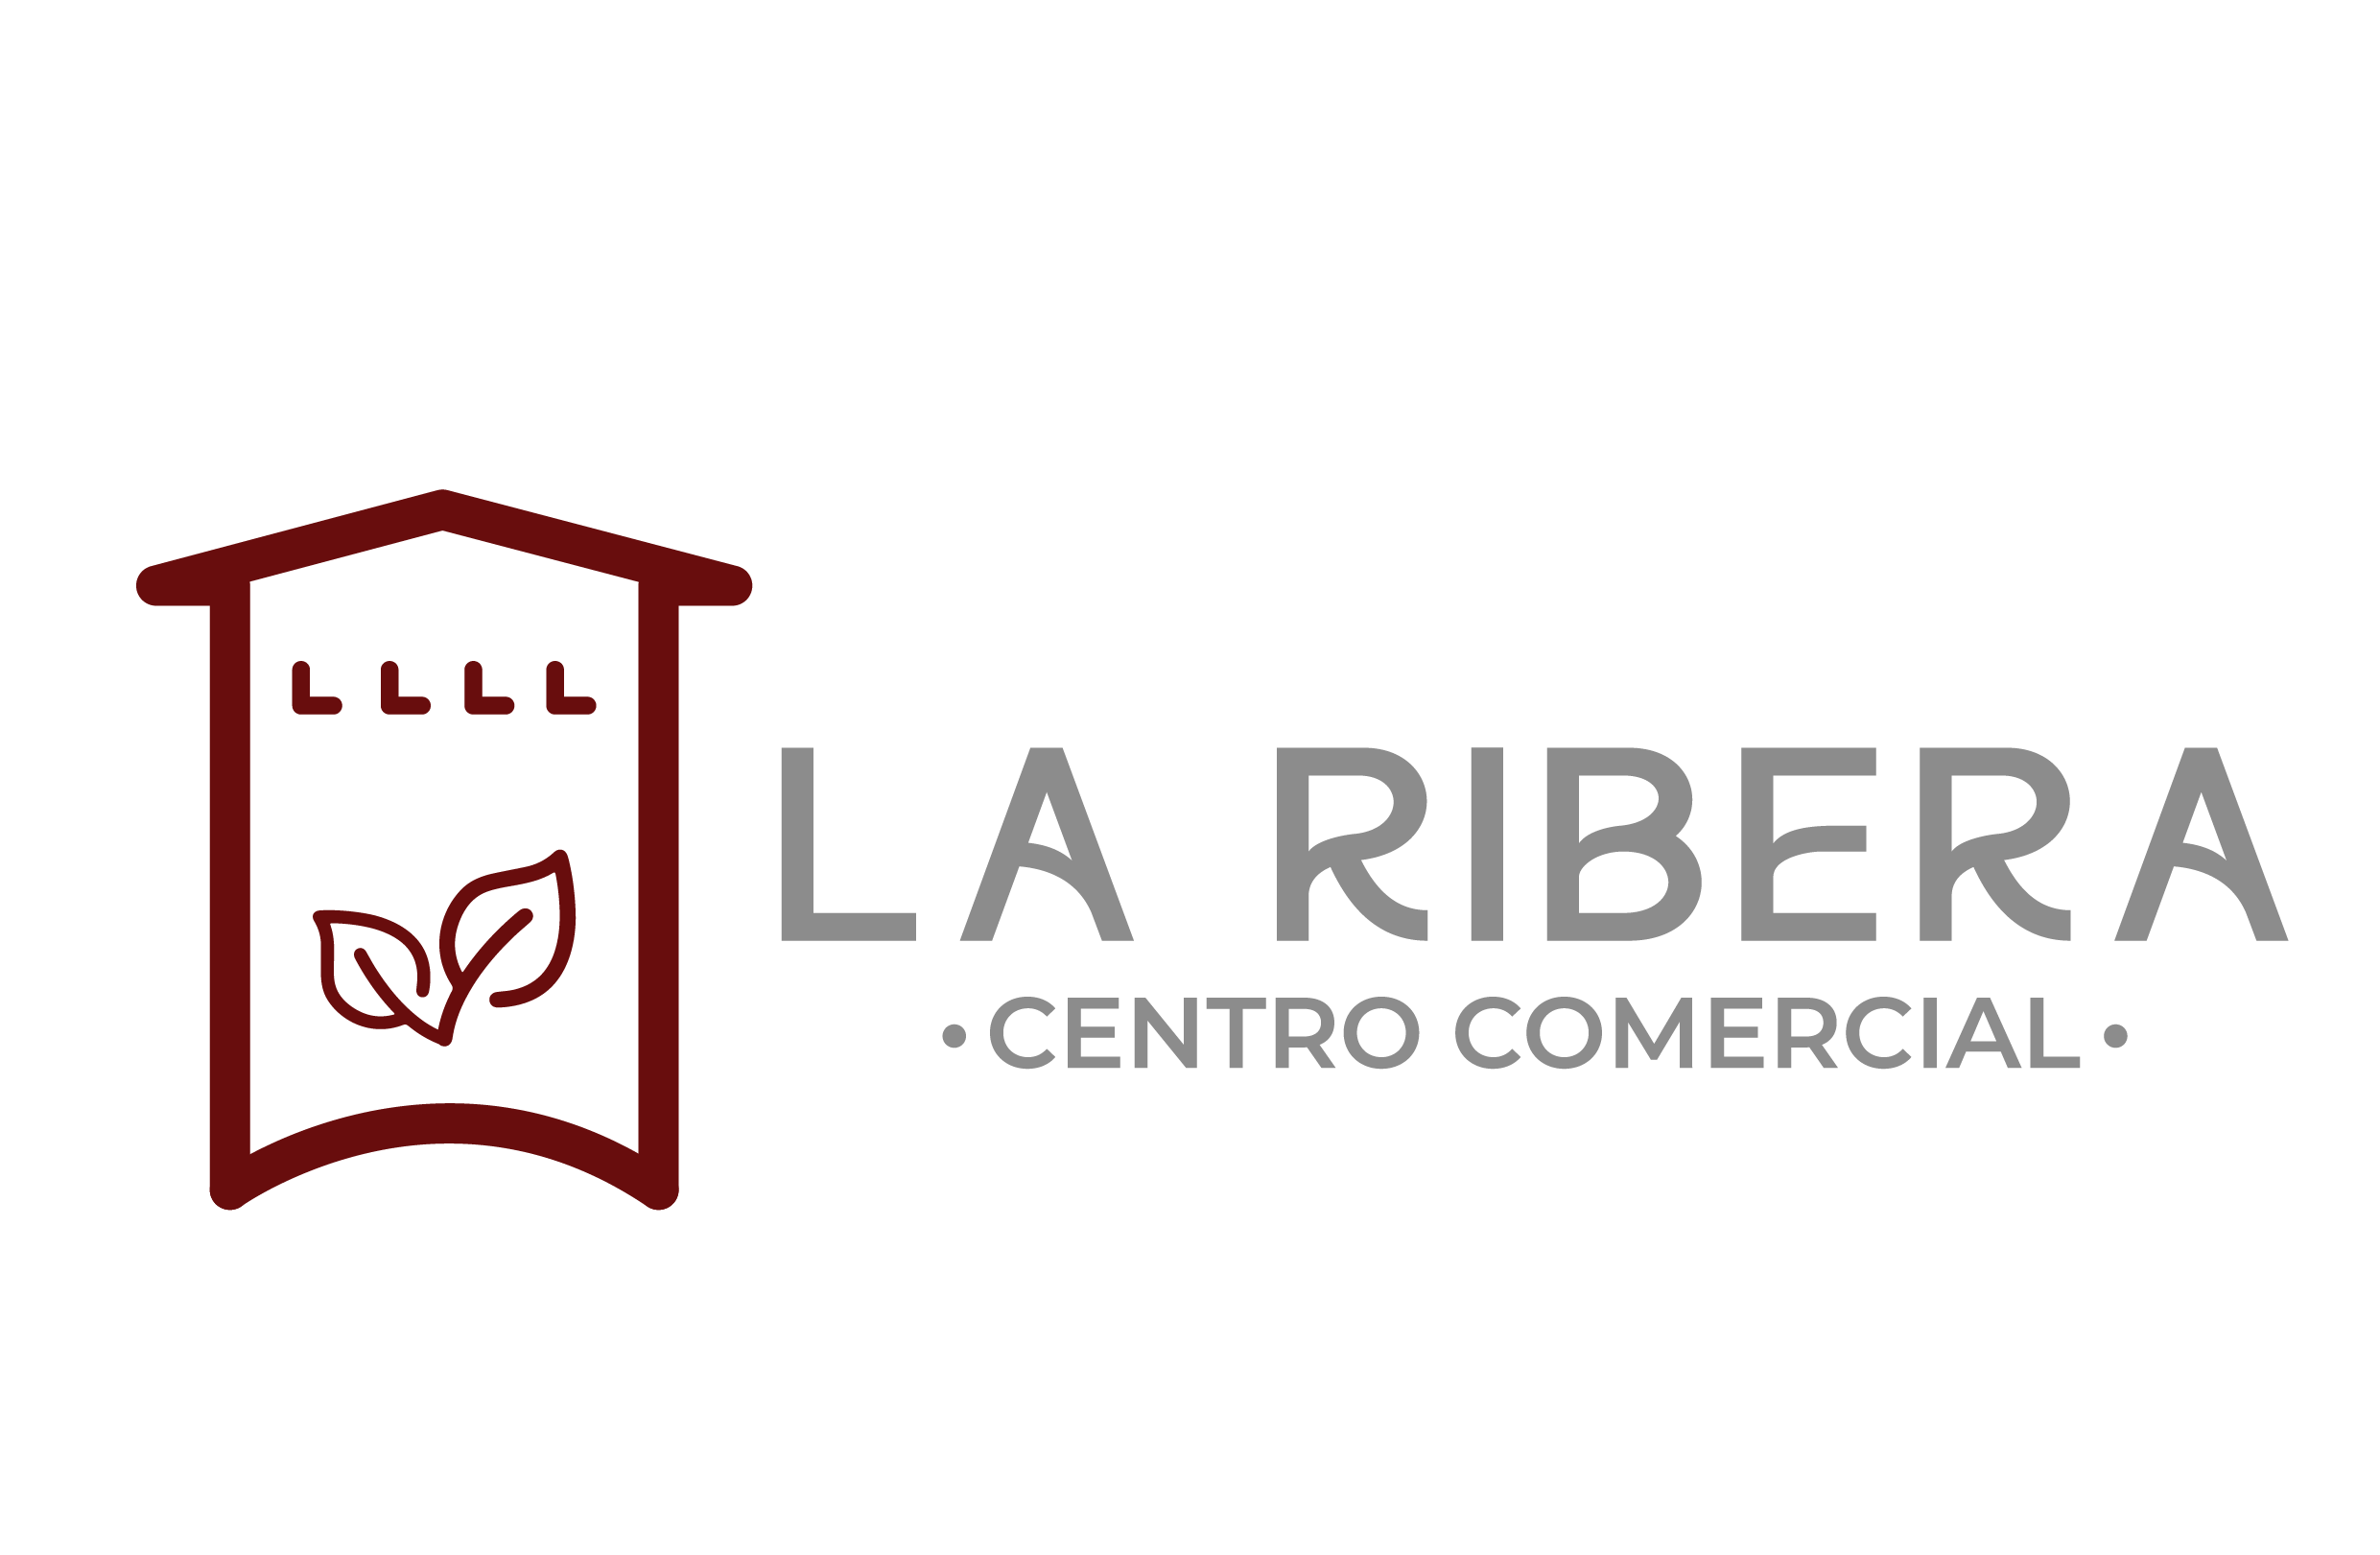 CENTRO COMERCIAL LA RIVERA
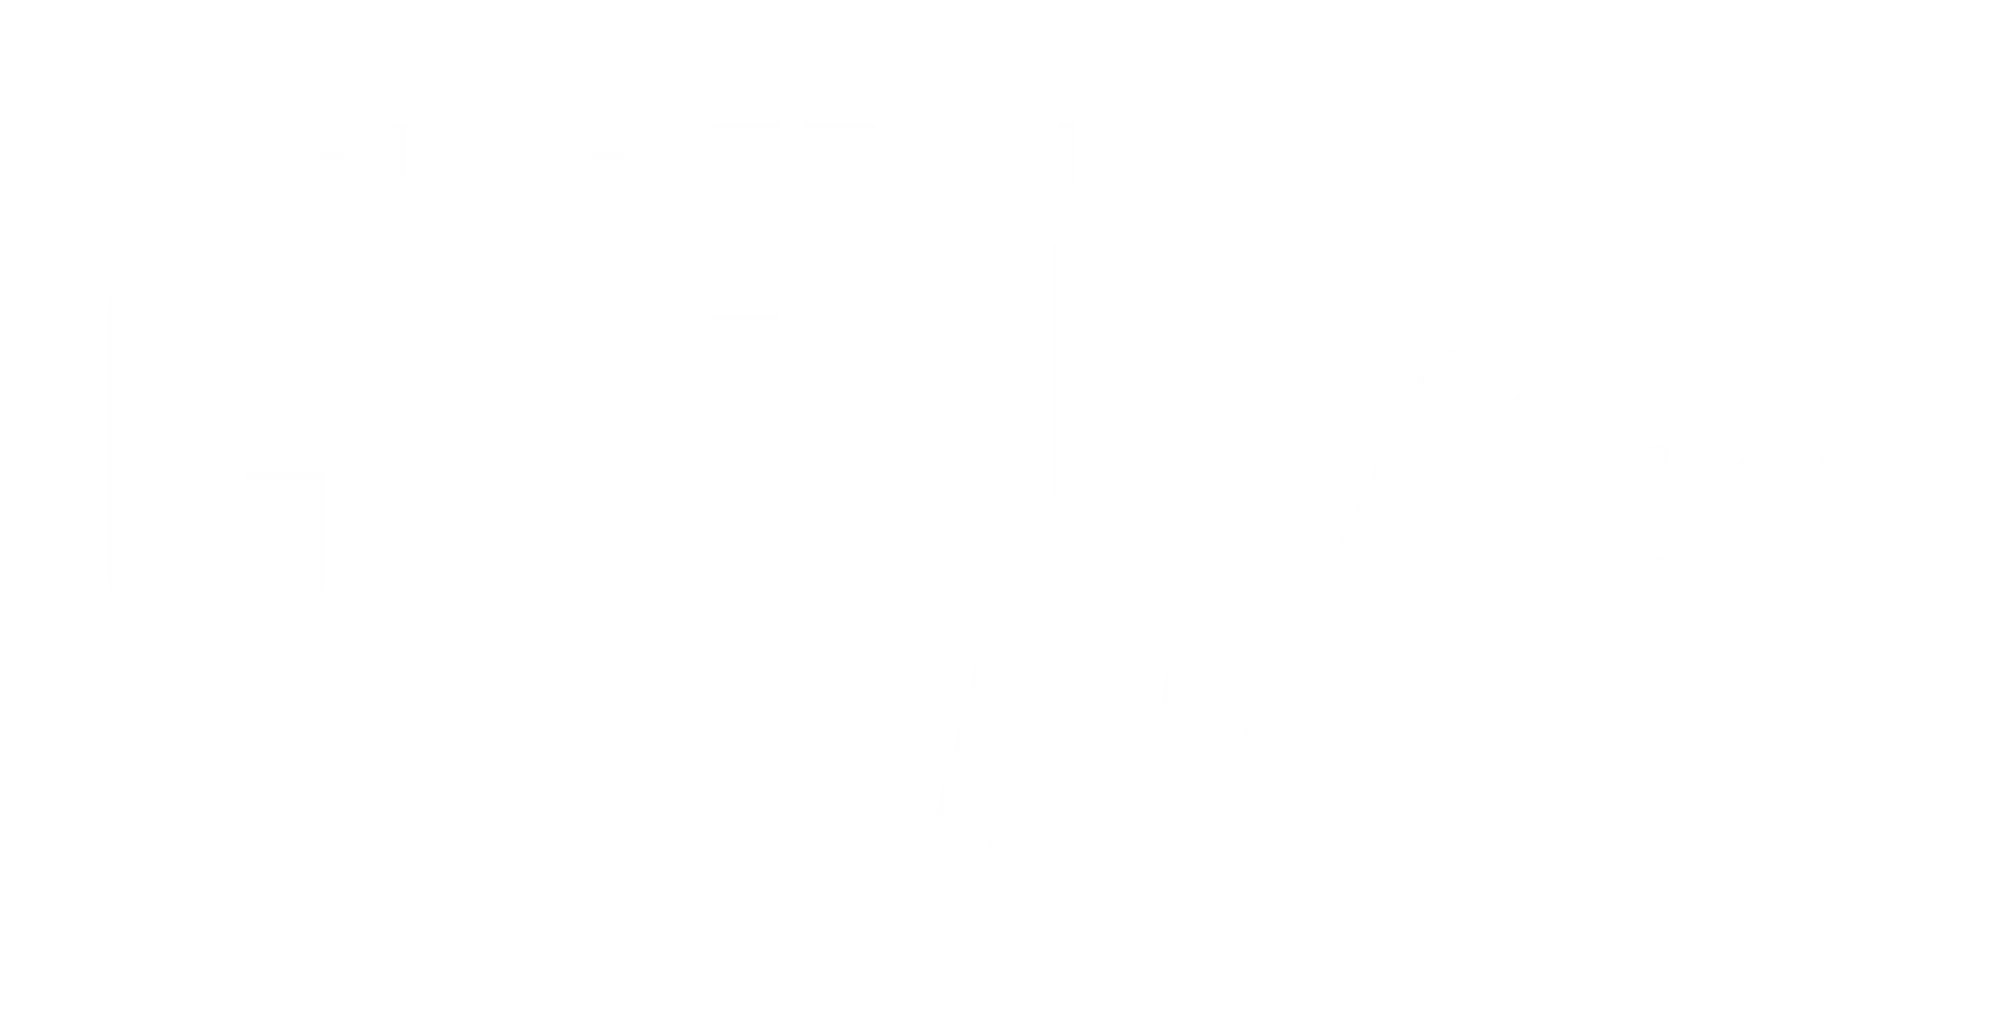 countwise kepler logo inverse
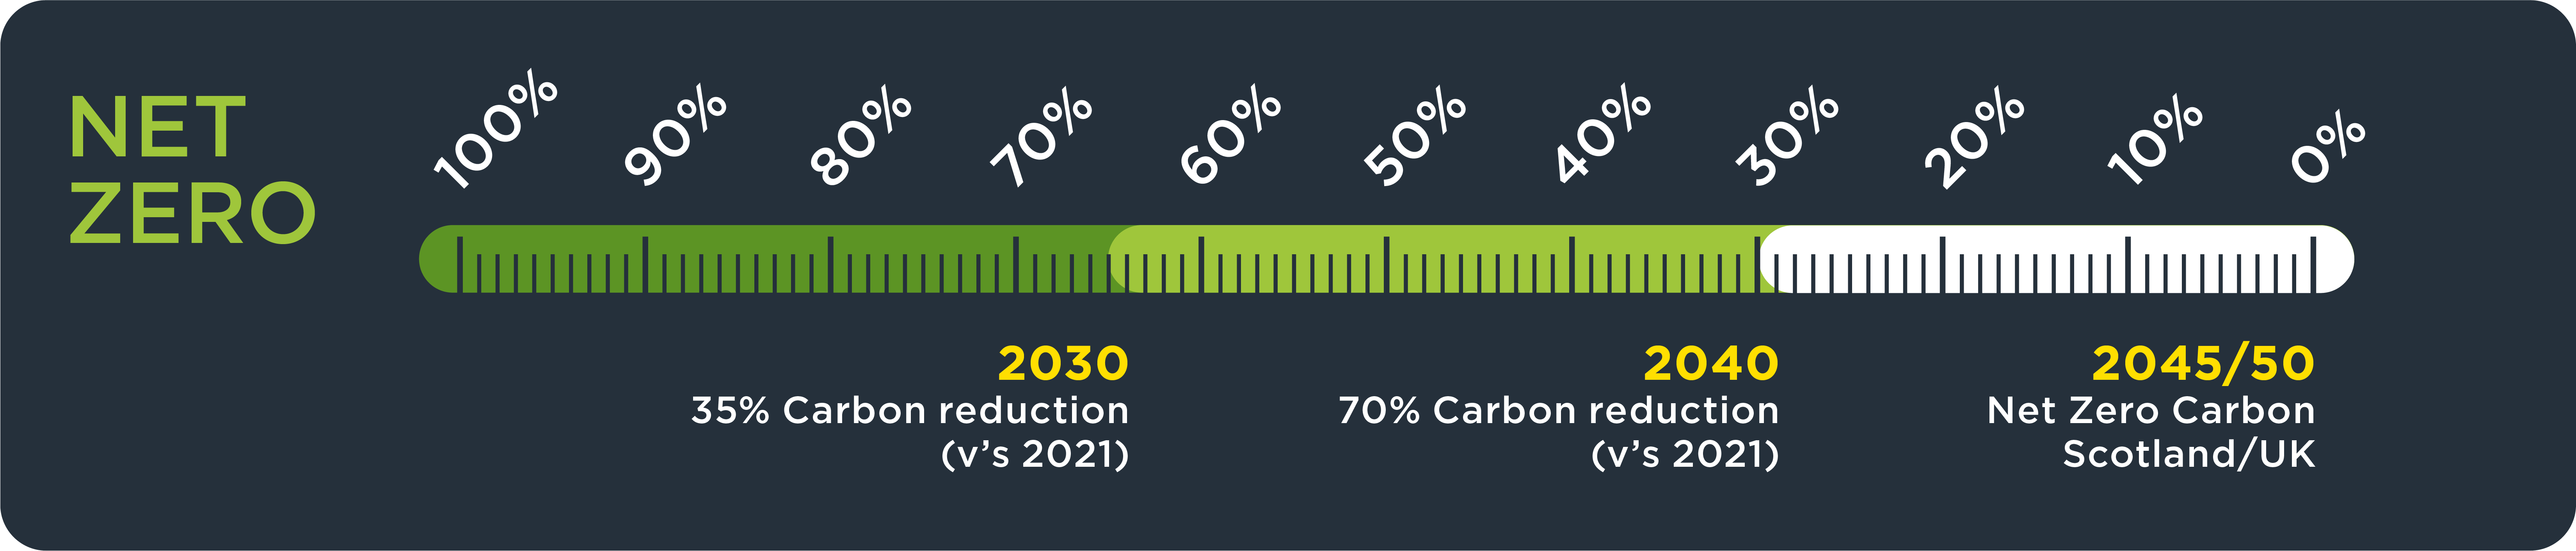 carbon reduction bar
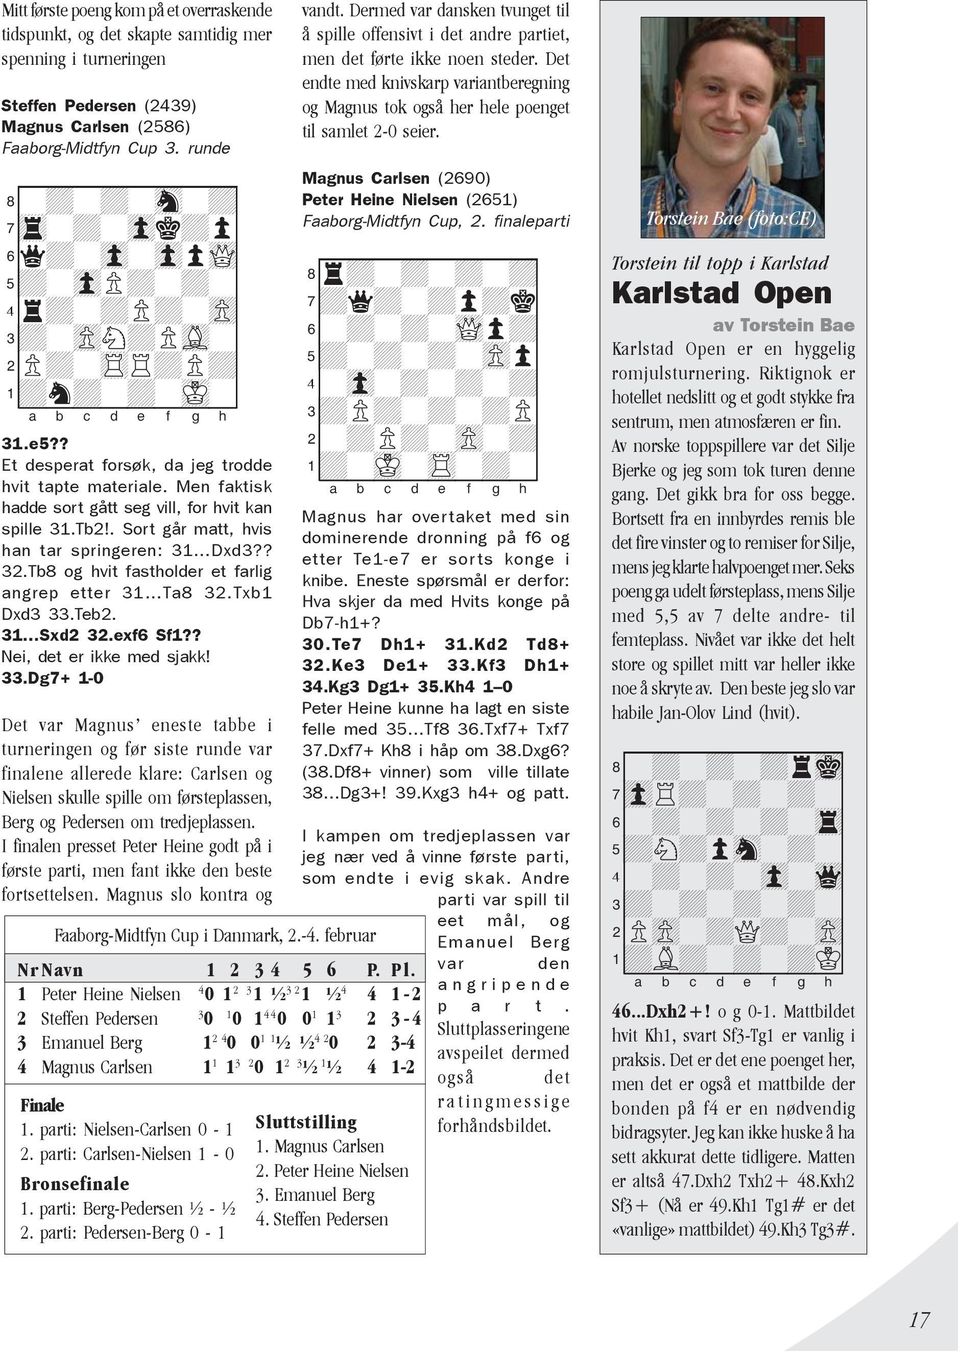 Men faktisk hadde sort gått seg vill, for hvit kan spille 31.Tb2!. Sort går matt, hvis han tar springeren: 31 Dxd3?? 32.Tb8 og hvit fastholder et farlig angrep etter 31 Ta8 32.Txb1 Dxd3 33.Teb2.
· · · · · · ·
> [TASK DESCRIPTION] What is needed is an exact copy of the lines from the line with "countwise kepler logo inverse" to the end of the data above, both included, without any pictures.

> [RESULT OF THIS EXERCISE]
 countwise kepler logo inverse
 carbon reduction bar
 Men faktisk hadde sort gått seg vill, for hvit kan spille 31.Tb2!. Sort går matt, hvis han tar springeren: 31 Dxd3?? 32.Tb8 og hvit fastholder et farlig angrep etter 31 Ta8 32.Txb1 Dxd3 33.Teb2.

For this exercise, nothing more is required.